Step1-DownloadSampleDataandSetupEnvironment#
Download Anaconda#
To run the PRS Notebooks, set up a conda environment. Some tools require a dedicated (separate) conda environment, and for such tools, instructions are provided in their corresponding Notebooks.
Windows:#
Visit the Anaconda website.
Choose the appropriate installer (64-bit is recommended for most systems).
Run the installer and follow the on-screen instructions.
Linux:#
Open a terminal window and run these commands:
wget https://repo.anaconda.com/archive/Anaconda3-2024.01-Linux-x86_64.sh chmod +x Anaconda3-2024.01-Linux-x86_64.sh bash Anaconda3-2024.01-Linux-x86_64.sh source ~/.bashrc
Create a Dedicated Environment for Your Project:#
Open a terminal window (or Anaconda Prompt on Windows).
Create a new environment named “prstools” with Python 3.10:
conda create -n prstools python=3.10
Activate the environment:
conda activate prstools
Install R within the Environment:#
Install R version 4.3.2 from the conda-forge channel:
conda install -c conda-forge r-base=4.3.2
conda install -c conda-forge r-essentials
Data Preparation#
In this section, we will download the sample data.
Download Sample Data#
The first step is to download the sample data. You can find the base data here and the target data here.
Extracting Target Data#
Extract the target data and organize it with the following files in a directory named SampleData1
:
SampleData1.bed
: Plink Files (bed, bim, fam) containing genotype information.SampleData1.bim
SampleData1.fam
SampleData1.cov
: Contains covariate information.SampleData1.height
: Contains the actual height phenotype.SampleData1.gz
: GWAS summary statistic file.
Ensure to rename all files to the SampleData1
prefix.
.
├── SampleData1
│ ├── SampleData1.bed
│ ├── SampleData1.bim
│ ├── SampleData1.cov
│ ├── SampleData1.fam
│ ├── SampleData1.gz
│ └── SampleData1.height
View Bed Files#
To view Bed files, visit Plink Binary Files Documentation.
Analyzing Quantitative Trait (Height)#
We will begin by analyzing the quantitative trait (height). The dataset used for the continuous trait analysis is sourced from the tutorial by choishingwan, and we express our gratitude for making it publicly available.
Polygenic Risk Score (PRS) Tools Overview#
PRS tools can be categorized into three types:
Type 1: Summary Statistics File Only
These tools use a summary statistic file (e.g., gwas.txt) and estimate betas or posterior probabilities. They may require population-specific linkage disequilibrium calculations.
Type 2: Summary Statistic File and Individual Data Set
This category of PRS tools requires both a summary statistic file and an individual dataset. They optimize various hyperparameters for beta estimation or snp weight estimation.
Type 3: Individual Data Set Only
These tools focus on polygenic risk score calculation for individuals without relying on a summary statistic file. They incorporate linkage equilibrium for betas or snp weight estimation.

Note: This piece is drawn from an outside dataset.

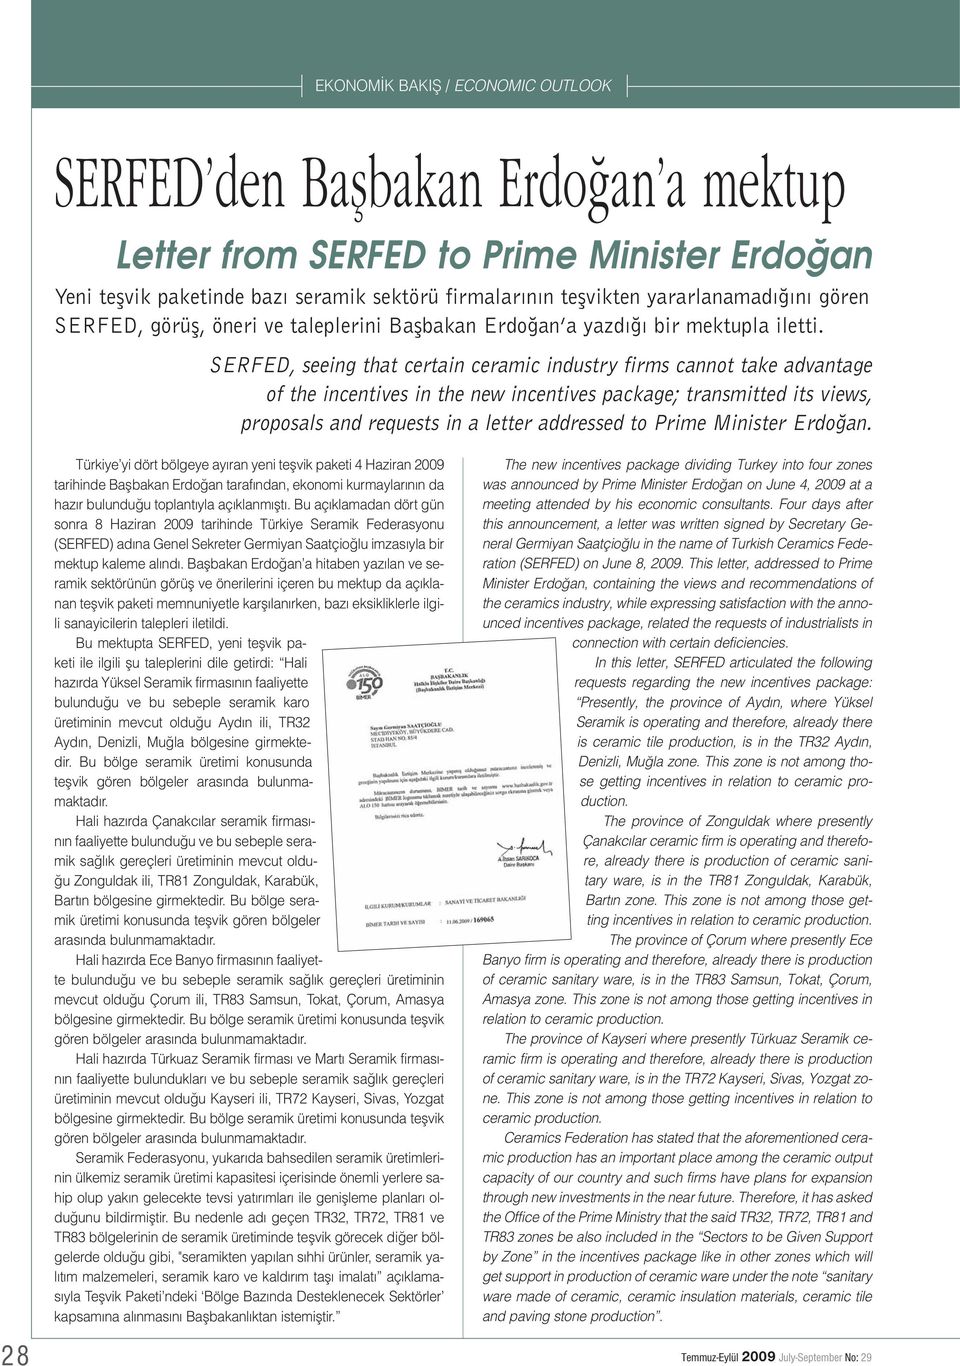 SERFED, seeing that certain ceramic industry firms cannot take advantage of the incentives in the new incentives package; transmitted its views, proposals and requests in a letter addressed to Prime

Type 4: Multi-ancestry/Disease Tools
These tools use GWAS from multiple populations or multiple diseases to calculate posterior probabilities or new Betas.
Data Splitting and Hyperparameter Optimization#
The target data is split into a 75% training or hyperparameter optimization set and a 25% testing set for final performance evaluation.

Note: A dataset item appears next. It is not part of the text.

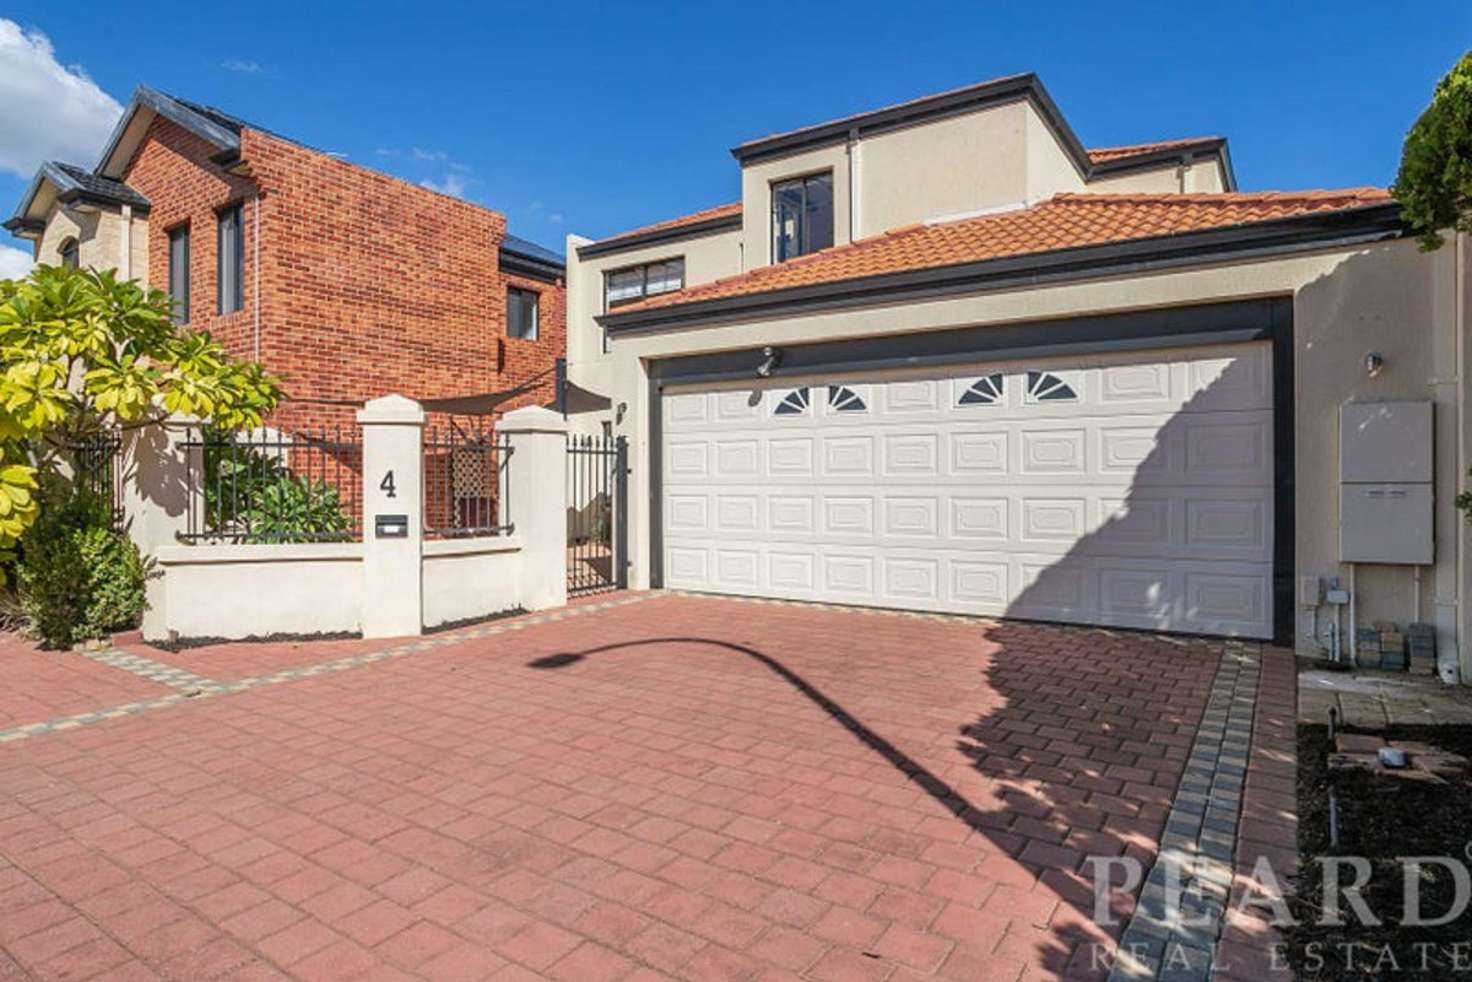 Main view of Homely house listing, 4 Blueboy Rise, Joondalup WA 6027

For binary phenotypes, we used a stratified cross-validation technique to split the data.
skf = StratifiedKFold(n_splits=5, shuffle=True, random_state=42)
For continuous phenotypes, we used cross-validation to split the data into 5 folds.
kf = KFold(n_splits=5, shuffle=True, random_state=42)
Hyperparameter optimization can be categorized into two types:
Genotype data Quality controls related Hyperparameters
This includes considerations such as pruning and clumping during quality controls on the target data.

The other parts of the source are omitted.